Topic: topic1 Partition: 1 Leader: 1 Replicas: 1,2,0 Isr: 1,2,0

對於上面的輸出，即使沒有檔案，也可以看懂大概：topic1 有2個分割槽，Partition 0 和 Partition 1，Leader 分別在 Broker 0 和 1。Replicas 表示副本在哪些 Broker 上，Isr（In-Sync Replicas）表示處於同步狀態中的 Broker，如果有 Broker 宕機了，那麼 Replicas 不會變，但是 Isr 會僅顯示沒有宕機的 Broker，詳見下麵的實驗。

然後分2個執行緒，執行之前寫的 Producer 和 Consumer 的示例程式碼，Producer 採用非同步傳送，訊息採用同步複製。在有訊息傳送的情況下，kill -9 停掉其中2個 Broker（Broker 0 和 Broker 1），模擬突然宕機。此時，topic1 狀態如下，

$ bin/kafka-topics.sh –describe –zookeeper 192.168.232.23:2181 –topic topic1

Topic:topic1 PartitionCount:2 ReplicationFactor:3 Configs:

Topic: topic1 Partition: 0 Leader: 2 Replicas: 0,1,2 Isr: 2

Topic: topic1 Partition: 1 Leader: 2 Replicas: 1,2,0 Isr: 2

可見，Kafka 已經選出了新的 Leader，訊息傳送沒有中斷。接著再啟動被停掉的那兩個 Broker，並檢視 topic1 的狀態，如下，

$ bin/kafka-topics.sh –describe –zookeeper 192.168.232.23:2181 –topic topic1

Topic:topic1 PartitionCount:2 ReplicationFactor:3 Configs:

Topic: topic1 Partition: 0 Leader: 2 Replicas: 0,1,2 Isr: 2,1,0

Topic: topic1 Partition: 1 Leader: 2 Replicas: 1,2,0 Isr: 2,1,0

$ bin/kafka-topics.sh –describe –zookeeper 192.168.232.23:2181 –topic topic1

Topic:topic1 PartitionCount:2 ReplicationFactor:3 Configs:

Topic: topic1 Partition: 0 Leader: 2 Replicas: 0,1,2 Isr: 2,1,0

Topic: topic1 Partition: 1 Leader: 1 Replicas: 1,2,0 Isr: 2,1,0

可以發現，有一個短暫的時間，topic1 的兩個分割槽的 Leader 都是 Broker 2，但是在 Kafka 重新選舉之後，分割槽1的 Leader 變為 Broker 1。說明 Kafka 傾向於用不同的 Broker 做分割槽的 Leader，這樣更能達到負載均衡的效果。

再來看看 Producer 和 Consumer 的日誌，下麵這個片段是2個 Broker 宕機前後的日誌，

……

Send message: (00439, Message_00439) at offset 217 to partition(0) in 3 ms

Received message: (00438, Message_00438) at offset 216

Send message: (00440, Message_00440) at offset 218 to partition(0) in 5 ms

Send message: (00441, Message_00441) at offset 221 to partition(1) in 5 ms

Received message: (00441, Message_00441) at offset 221

Received message: (00439, Message_00439) at offset 217

Send message: (00442, Message_00442) at offset 222 to partition(1) in 5 ms

Send message: (00443, Message_00443) at offset 219 to partition(0) in 3 ms

Received message: (00440, Message_00440) at offset 218

Received message: (00443, Message_00443) at offset 219

org.apache.kafka.common.errors.NetworkException: The server disconnected before a response was received.

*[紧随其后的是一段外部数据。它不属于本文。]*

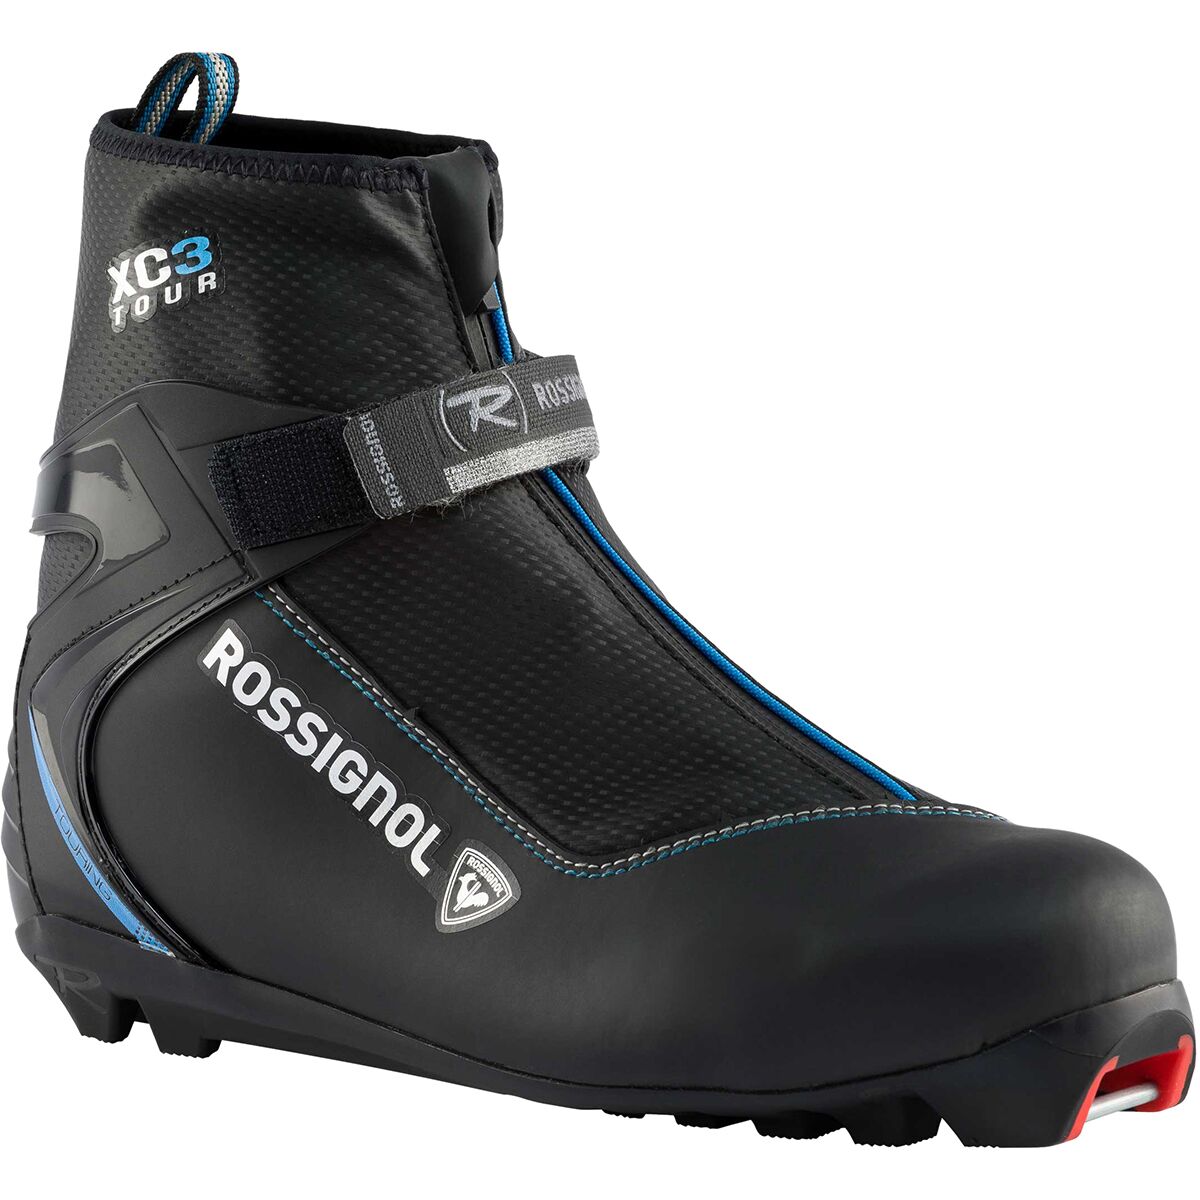 Rossignol XC 3 FW Ski Boot - 2022

org.apache.kafka.common.errors.NetworkException: The server disconnected before a response was received.

org.apache.kafka.common.errors.NetworkException: The server disconnected before a response was received.

org.apache.kafka.common.errors.NetworkException: The server disconnected before a response was received.

org.apache.kafka.common.errors.NetworkException: The server disconnected before a response was received.

org.apache.kafka.common.errors.NetworkException: The server disconnected before a response was received.

org.apache.kafka.common.errors.NetworkException: The server disconnected before a response was received.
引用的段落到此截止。